For the complete documentation index, see llms.txt. Markdown versions of all pages are available by appending .md to any URL (e.g. /max/get-started.md).

Mojo function

fused_silu_nvfp4_kernel

def fused_silu_nvfp4_kernel[fp4_dtype: DType, scales_dtype: DType, input_dtype: DType, output_layout: TensorLayout, scales_layout: TensorLayout, input_layout: TensorLayout, offsets_layout: TensorLayout, scales_offsets_layout: TensorLayout, input_scales_layout: TensorLayout, num_threads: Int, num_sms: Int](output_tensor: TileTensor[fp4_dtype, output_layout, MutUntrackedOrigin], scales_tensor: TileTensor[scales_dtype, scales_layout, MutUntrackedOrigin], input_tensor: TileTensor[input_dtype, input_layout, ImmUntrackedOrigin], row_offsets: TileTensor[DType.uint32, offsets_layout, ImmUntrackedOrigin], scales_offsets: TileTensor[DType.uint32, scales_offsets_layout, ImmUntrackedOrigin], input_scales: TileTensor[DType.float32, input_scales_layout, ImmUntrackedOrigin])

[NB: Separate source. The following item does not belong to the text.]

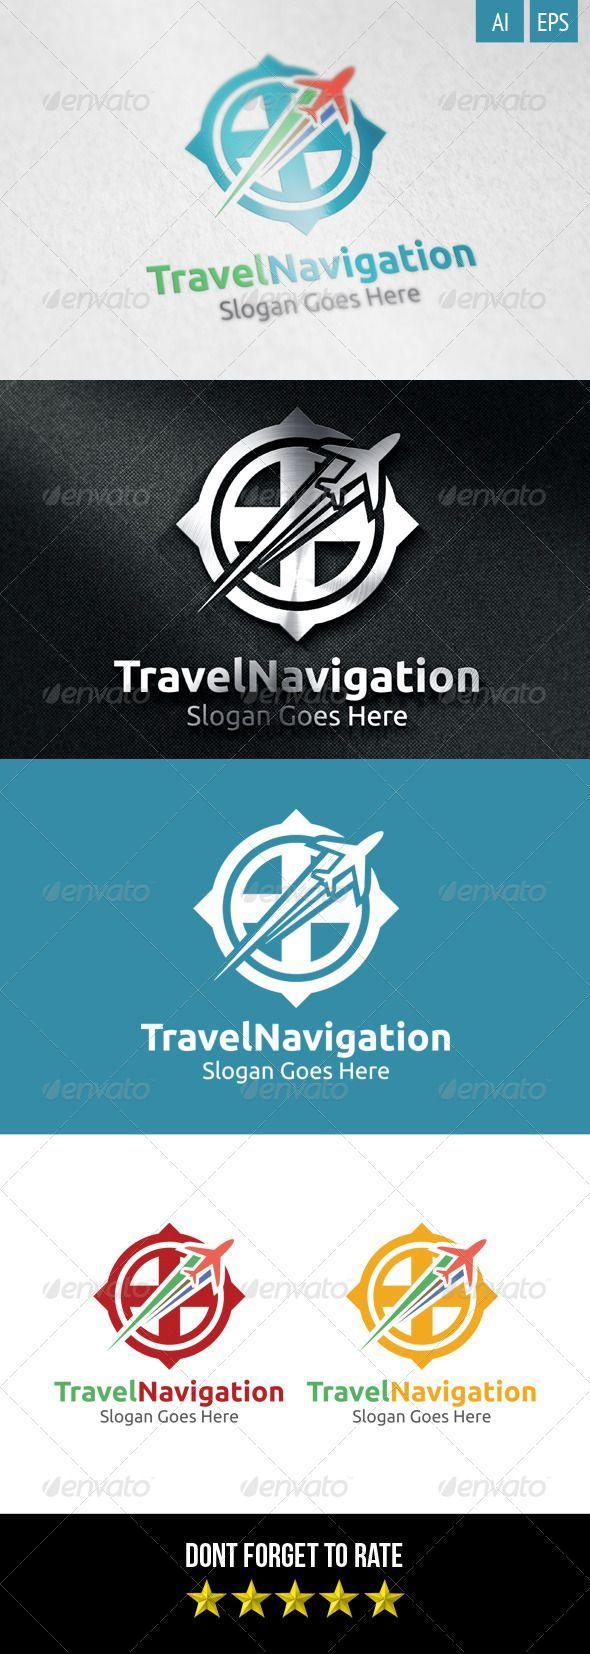 Navigation Logo - Travel Navigation Logo | Pinterest | Logos, Vector format and Logo ...
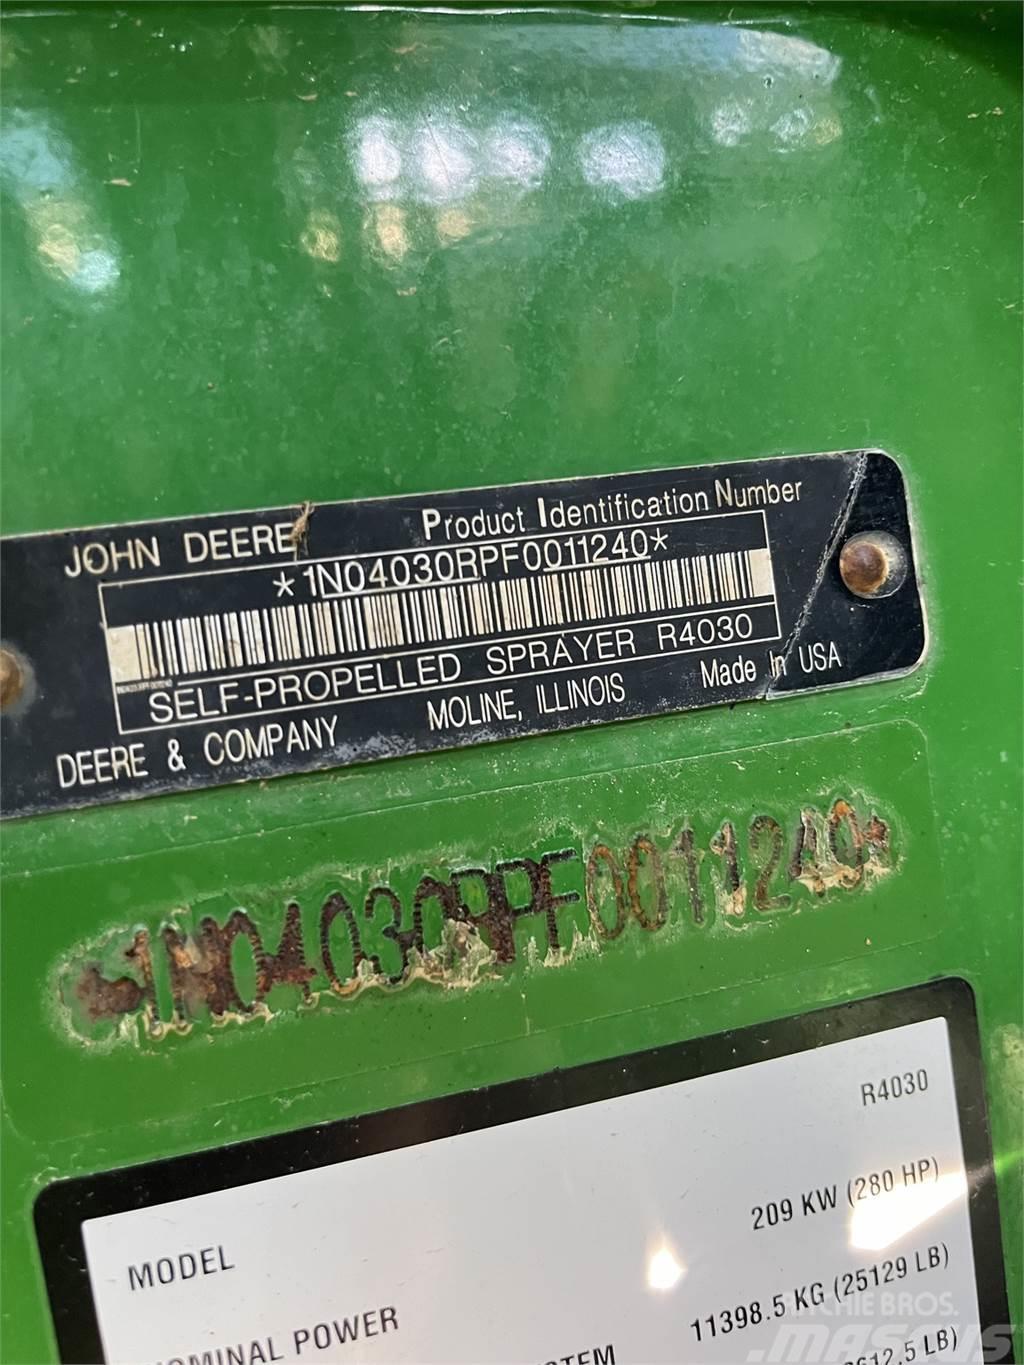 John Deere R4030 Trailed sprayers

This kernel performs the SILU operation for all the MLPs in the EP MoE module. We need to manually implement the kernel here is because after the EP dispatch phase, the actual number of received tokens is not known to the host. This kernel will read the row offsets to determine the actual number of received tokens in the input tensor.

Once the SILU operation is performed, the output tensor will be quantized to the NVFP4 format. The scales tensor will be padded and zero-filled.

Arguments: output_tensor: The output tensor to store the result. scales_tensor: The tensor to store the scales. input_tensor: The input tensor to perform the SILU operation. row_offsets: The row offsets to determine the actual number of received tokens. scales_offsets: The offsets to determine the position of the scales tiles. input_scales: Per-expert input scale factors.